Denis Yurov emphasizes that all options for the transfer of business with the transfer of ownership of shares are subject to coordination with the legal commission if a foreign person is associated with an unfriendly country. "It is necessary to obtain preliminary approval of any transactions related to the acquisition of shares," confirms Alina Khammatova.

Regarding the need to coordinate the alienation of a share in an LLC, the opinions of lawyers differ. If you follow the letter of the new rules, the permission of the Board of Directors is required only for transactions with shares, says Elena Gladysheva, and it is still necessary to coordinate the sale of a stake in an LLC only if the organization belongs to strategic (according to the law on foreign investment in strategic enterprises). "Formally, the shares in the LLC are not securities, therefore, it can be concluded that the requirement does not apply to them," agrees Denis Yurov.— Indirectly, this is confirmed by the explanations of the Federal Notary Chamber (FNP)." On March 16, the FNP announced on its website a new procedure for certifying transactions for the alienation of real estate or securities, where one of the parties is a non-resident.
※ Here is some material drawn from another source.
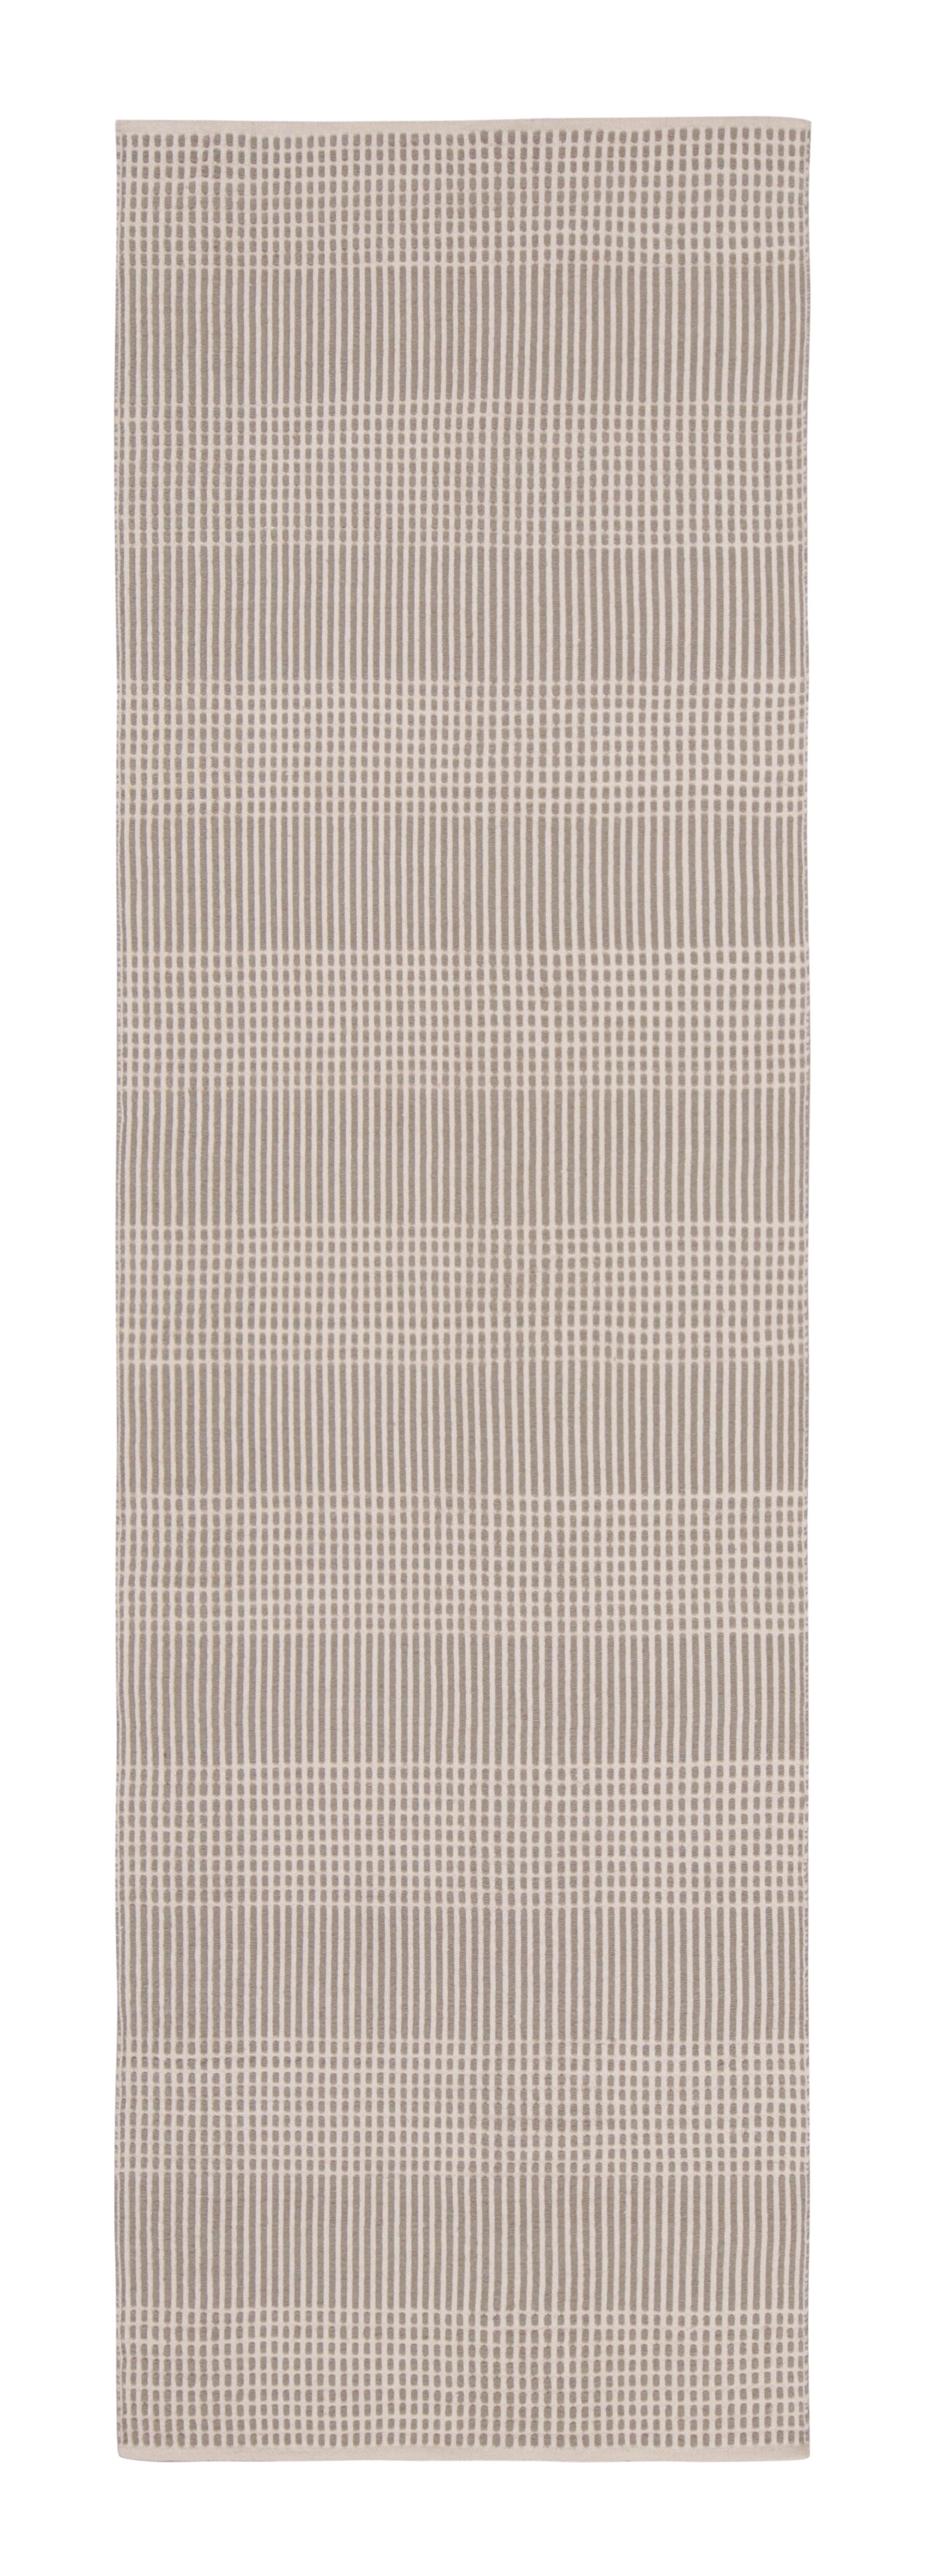 Rug & Kilim's Modern Flat-Weave Beige Brown Geometric Striped Pattern For Sale

It follows from the explanations that if the applicant's country of citizenship is included in the list of unfriendly, the notary must request the applicant's permission from the legal commission for the transaction. At the same time, it is clarified on the FNP website, "the described procedure does not apply to the registration of inheritance rights, transactions on the alienation of shares in the authorized capital of LLC, as well as the issuance of powers of attorney."